DATA section start

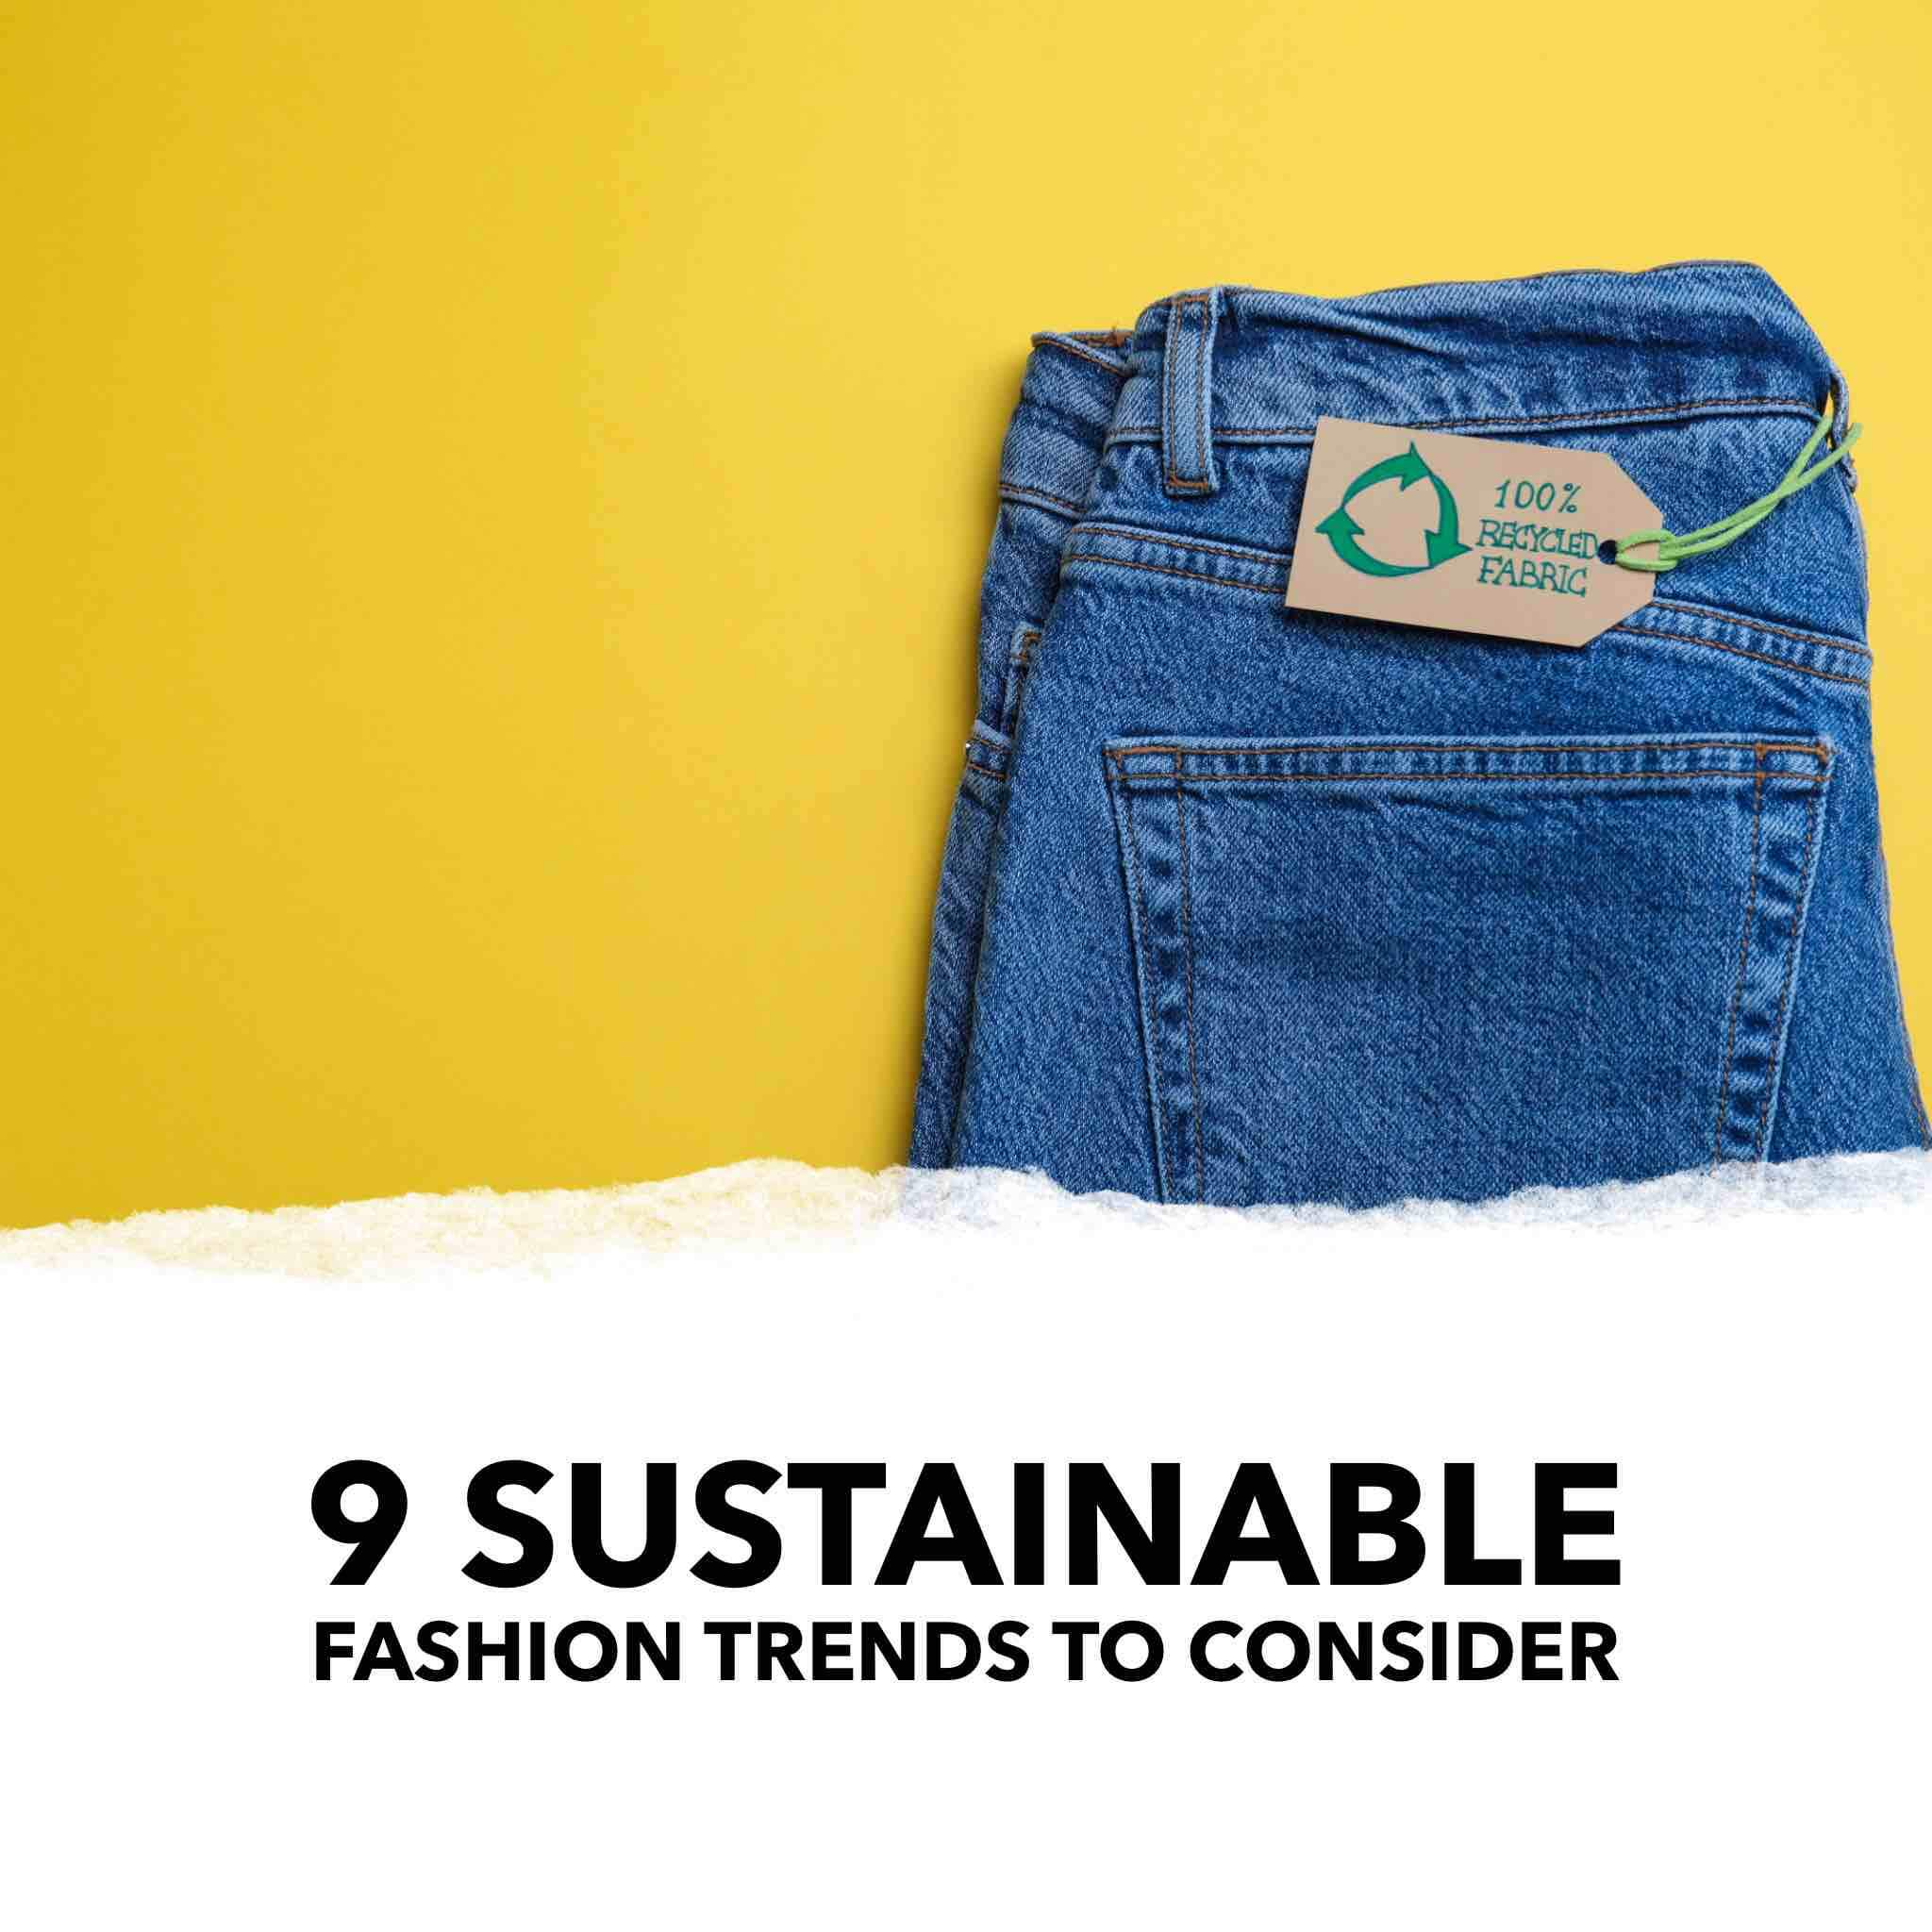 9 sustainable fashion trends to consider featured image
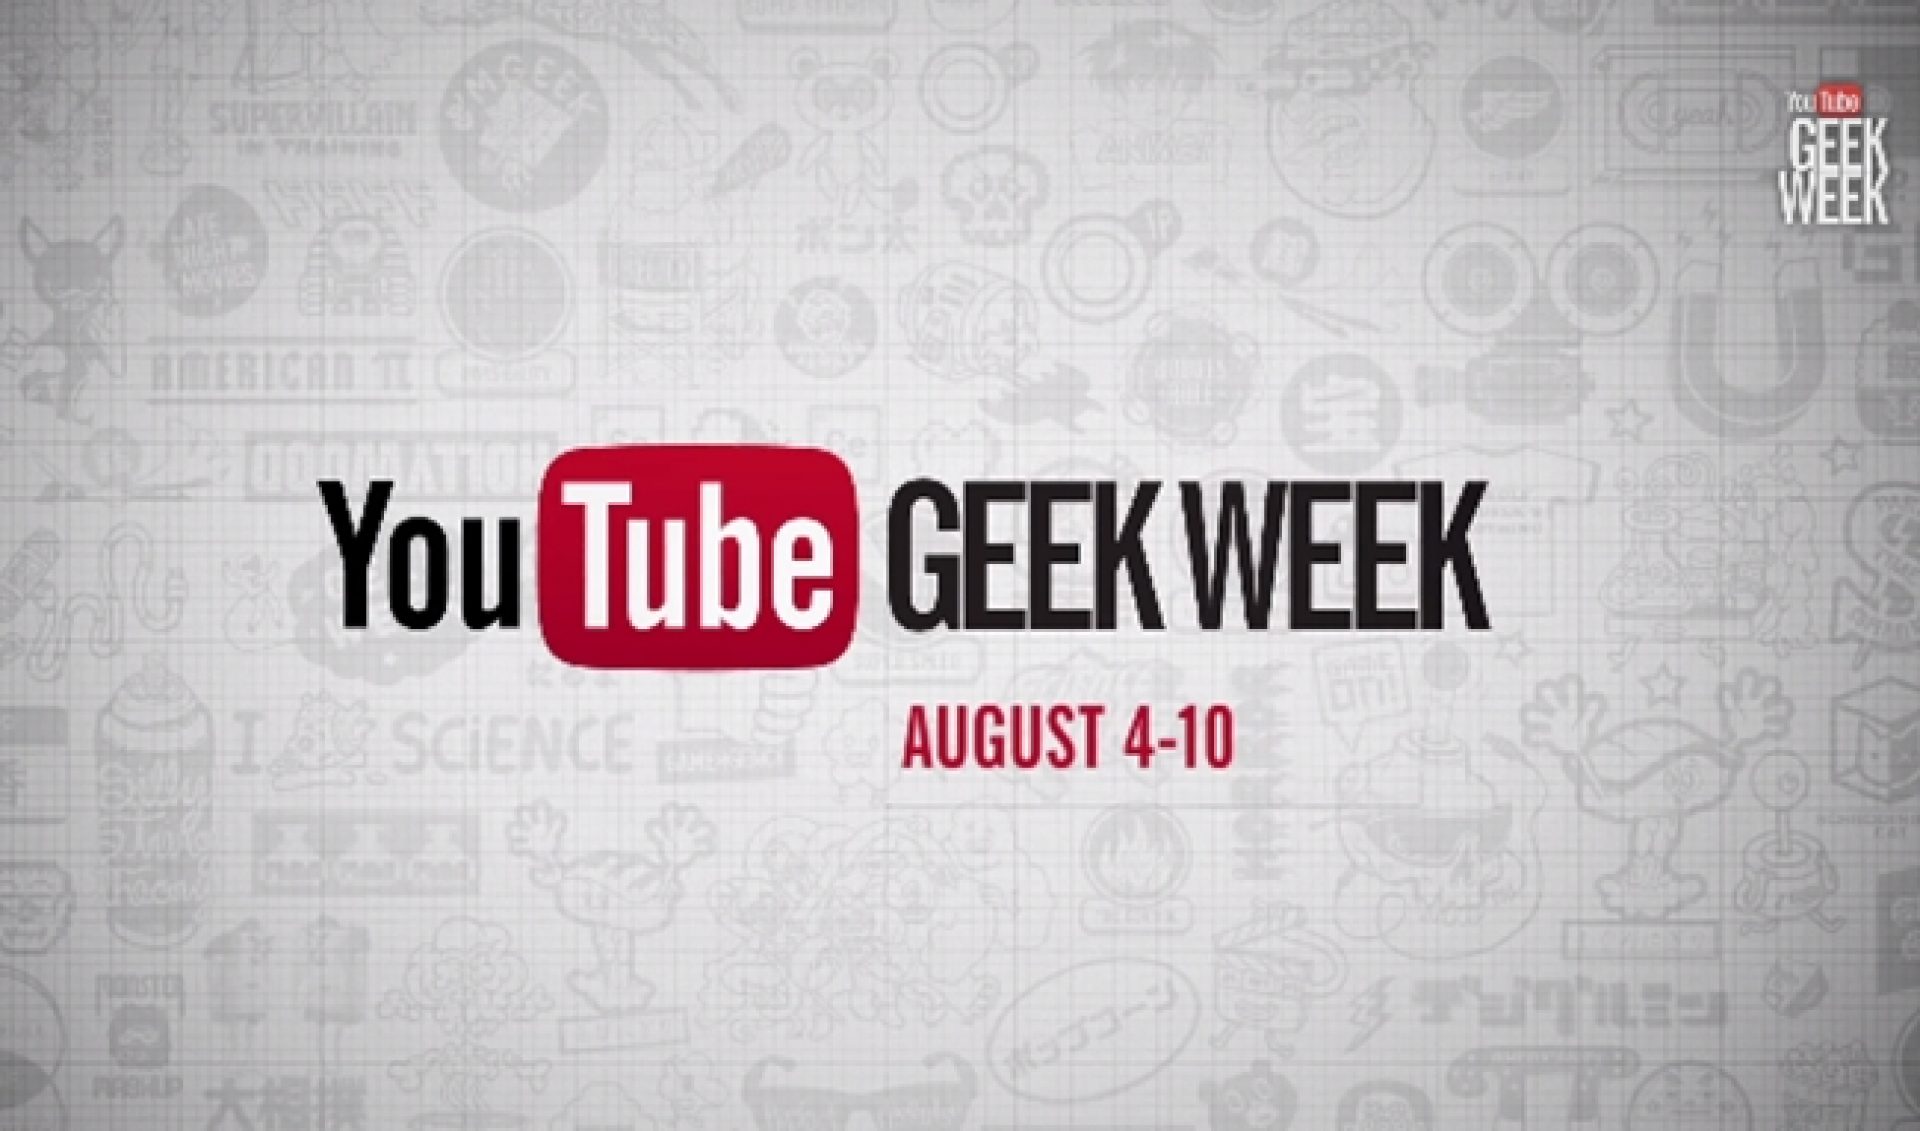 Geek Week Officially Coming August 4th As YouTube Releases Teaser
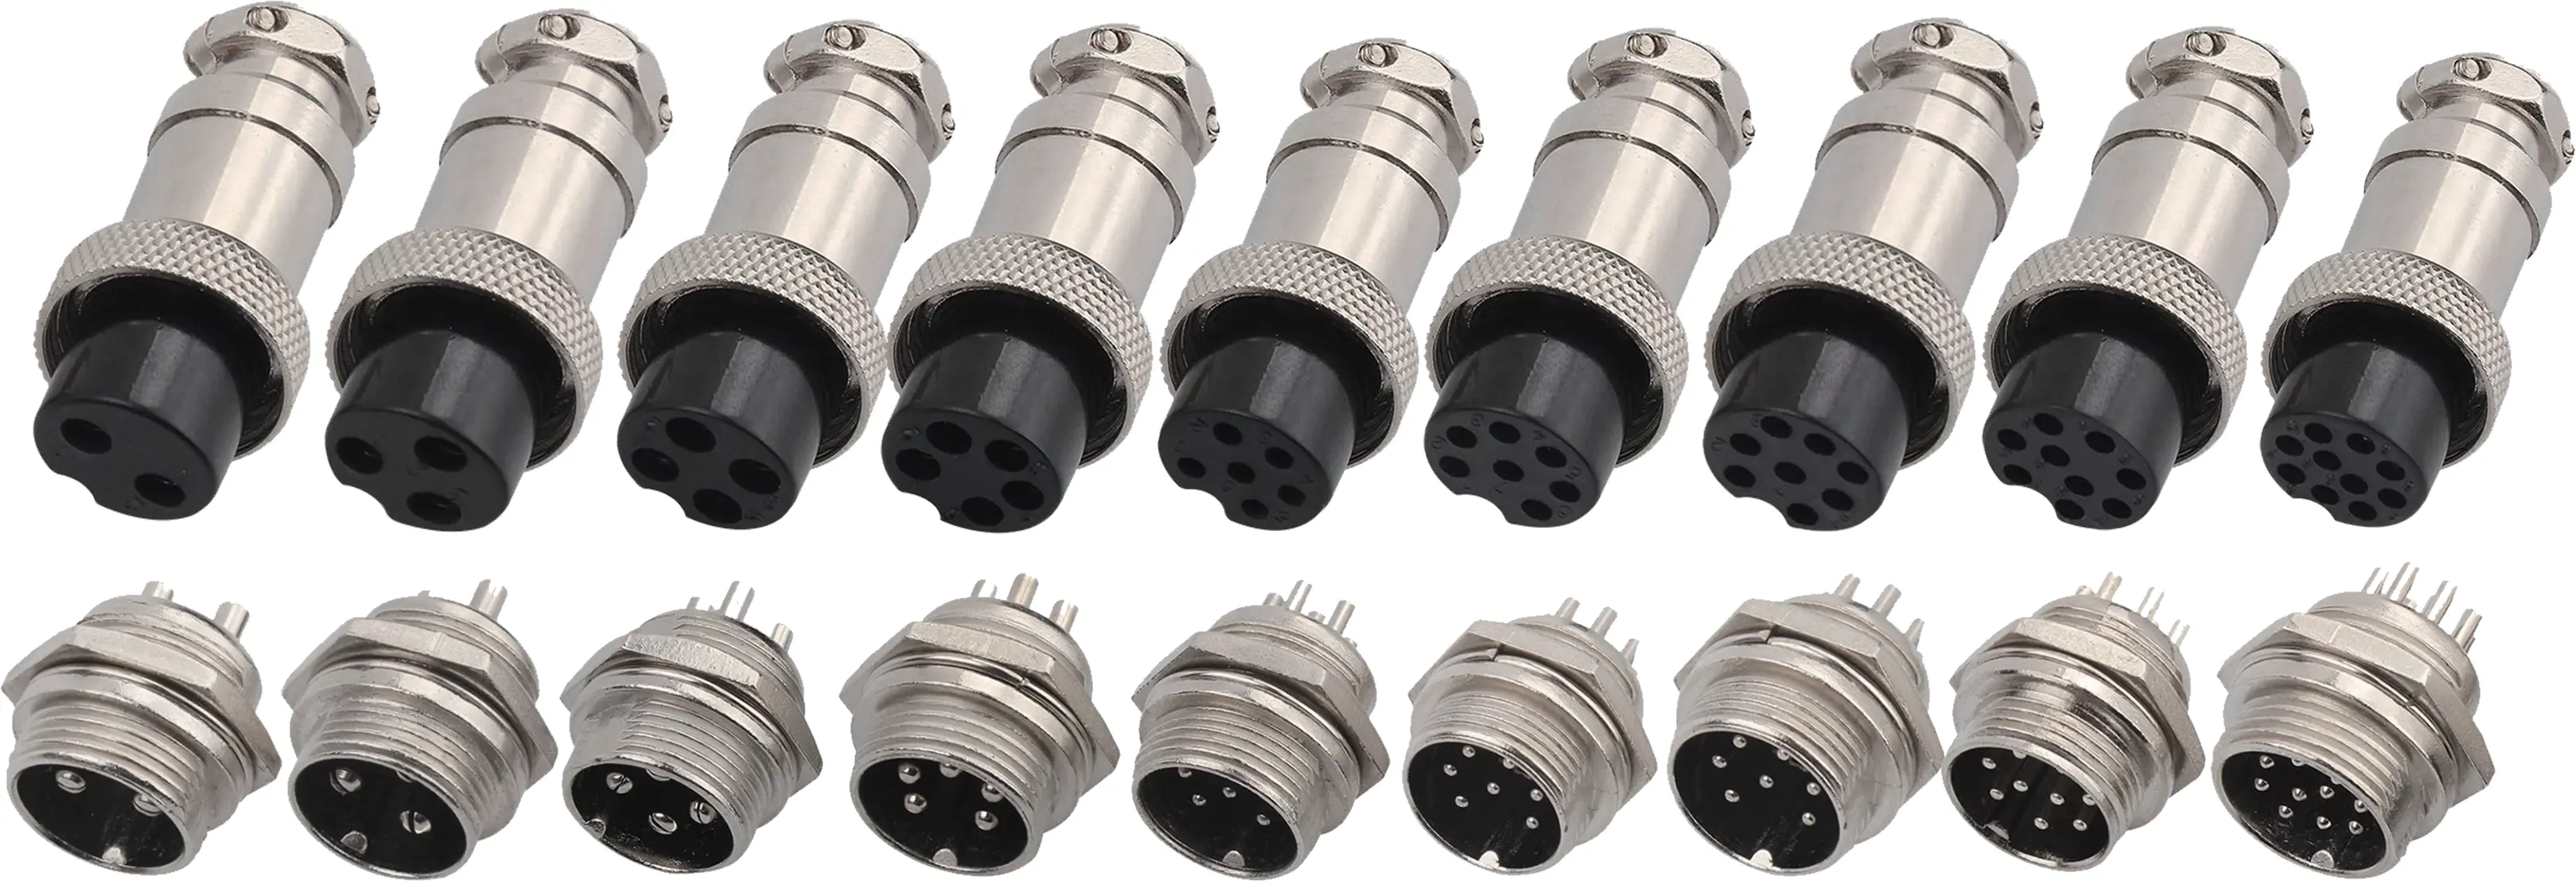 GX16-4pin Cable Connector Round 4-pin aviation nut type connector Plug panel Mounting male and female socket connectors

DATA section end

**WHAT THE TASK ASKS**
The response has to be an exact copy of all the data, pictures excluded.

**EXERCISE OUTPUT**
 9 sustainable fashion trends to consider featured image
 Geek Week Officially Coming August 4th As YouTube Releases Teaser
 GX16-4pin Cable Connector Round 4-pin aviation nut type connector Plug panel Mounting male and female socket connectors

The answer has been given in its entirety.